PLG Partner Ayesha N. Khan’s practice focuses on appellate litigation in state and federal courts nationwide. She  writes a monthly column for The Daily Record, Maryland’s statewide business and legal newspaper, covering practical issues relevant to trial and appellate litigators. Her most recent column is reprinted here. Ms. Khan can be reached at or 202-836-7136.

Most of my clients are happy to pay my fee for handling an appeal. After all, I work for a next-gen law firm that offers individual and corporate clients affordable flat rates for appellate representation of Big Law caliber. But that doesn’t stop some potential clients from requesting a discount. They claim that their appeal is simpler than most or that I can abbreviate the briefing process by repurposing a summary-judgment or post-trial brief. Or they offer to do some of the work themselves. One especially frugal individual asked if he could pay me a nominal fee to slap my name on a brief that he had written. Of course, I politely decline such invitations, explaining that I can’t stand behind other people’s work, much less pretend that it’s mine.

I was reminded recently of the wisdom of that policy when I came across the Seventh Circuit’s decision in McCurry v. Kenco Logistics Servs., LLC, 942 F.3d 783 (7th Cir. 2019). Edith McCurry sued after she was laid off by Kenco Logistics, which operates a warehouse of the well-known candy maker Mars., Inc. She represented herself, filing two rambling complaints. The district court later dismissed some of her claims and then granted summary judgment on her remaining claims after admitting all of the defendants' factual submissions as uncontested because McCurry had not complied with a complex local summary judgment rule.

McCurry retained counsel and appealed. But on appeal, her counsel did not challenge the judge’s decision to enforce the local summary-judgment rule, so the uncontested record contained no evidence to support McCurry’s claim. The Seventh Circuit thus rightfully found her appeal to be frivolous.

But the patently frivolous nature of the appeal wasn’t the only thing that troubled the court. The court was even more concerned about McCurry’s lawyer’s submission of “a bizarre appellate brief laden with assertions that have no basis in the record and arguments that have no basis in the law.” Indeed, the court continued, the brief was “chock-full of impenetrable arguments and unsupported assertions, and it is organized in ways that escape our understanding.” Ouch.

The court provided examples from this “monstrosity of an appellate brief,” most of which are downright cringe-worthy:

  • McCurry’s brief sought review of a variety of “interlocutory orders,” including her own Amended Complaint.
  • The brief invoked res judicata, collateral estoppel and judicial estoppel, none of which was even remotely relevant or had been asserted below.
  • The brief included a section entitled “GAMESMANSHIP,” which contained a single sentence: “Defendants have been ‘gaming’ the system.”
  • The brief contained many sentences like this one (all errors in original):

McCurry experiences a change in fringe benefits; harsher scrutiny; failure to be promoted; lack of opportunities; lack of professional standing; economic sanctions; hostile work environment that led to an employee being shot on the premise, various verbal and physical assaults of African-Americans by Caucasian employees of use of gun violence, vehicular assault, amongst other forms of violence, the ever looming threat that a racially motivated altercation or riot may ensue and physical damage to McCurry's auto amongst actions/activities/conduct.

At the oral argument, when the court confronted him about the inadequacy of his brief, McCurry’s counsel explained that he is a “solo practitioner” who tries “to get the help of…clients and whoever can provide help to [him] and then “merges that information.” I take that to mean that the brief had been written by his client.

The court wasn’t buying it: “Bad writing does not normally warrant sanctions, but we draw the line at gibberish.” The court issued an order to show cause why McCurry’s counsel should not be sanctioned and directed the clerk of court to send a copy of its opinion to Illinois bar counsel.

I feel bad for McCurry’s counsel—both because he was in way over his head and because his predicament resulted in a public drubbing.

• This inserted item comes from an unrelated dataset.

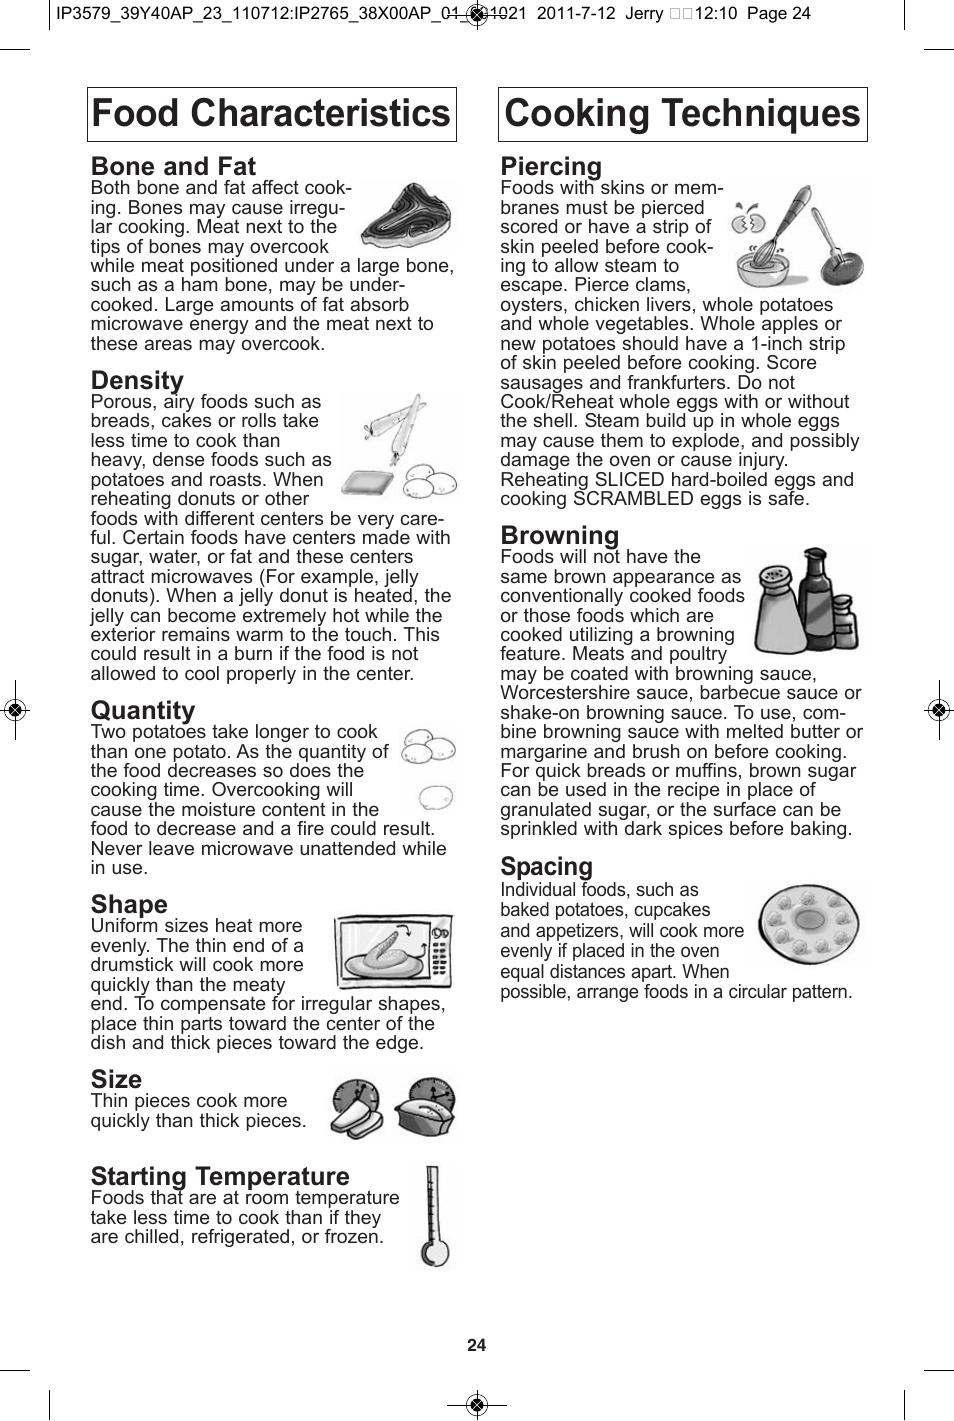 Food characteristics, Cooking techniques, Food
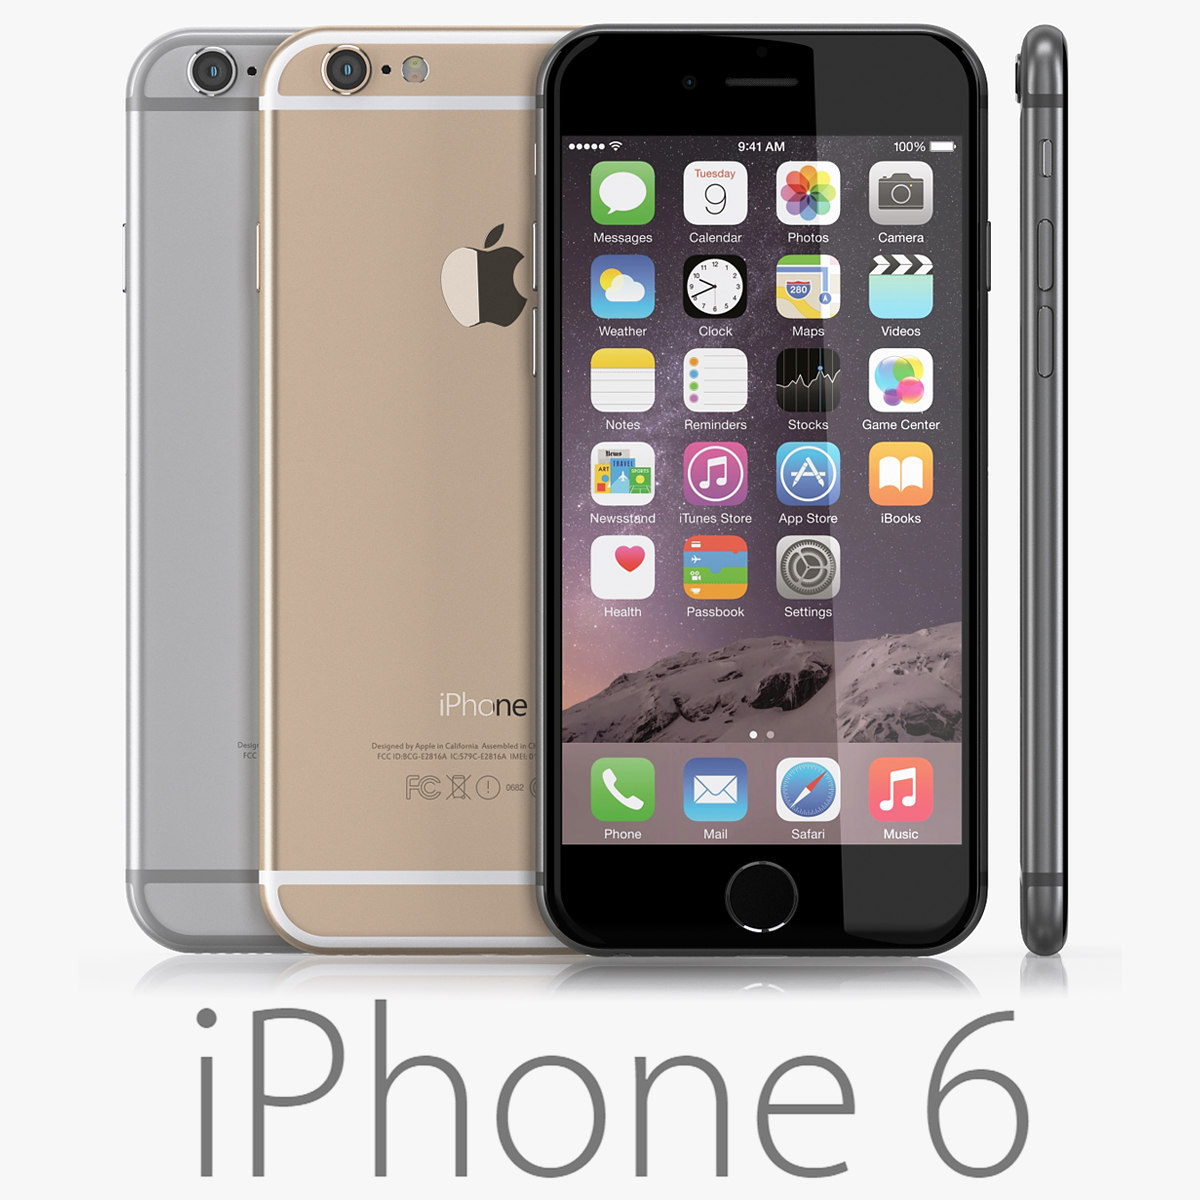 iPhone_6_all_00.jpg

His story is a cautionary tale about the need to decline work that we cannot do well and to vet everything we sign.

But I feel even worse for McCurry, who was thrown out of court because she failed to comply with a complex local procedural rule that was adopted to supplement the already-complex Federal Rules of Civil Procedure. McCurry’s pleadings may have been obtuse, but so are the rules that she was tasked with navigating. McCurry suffered because she lacked the means to hire a trial lawyer to decipher the rules for her. And she suffered yet again when the only lawyer she could afford on appeal was one who doesn’t write his own briefs.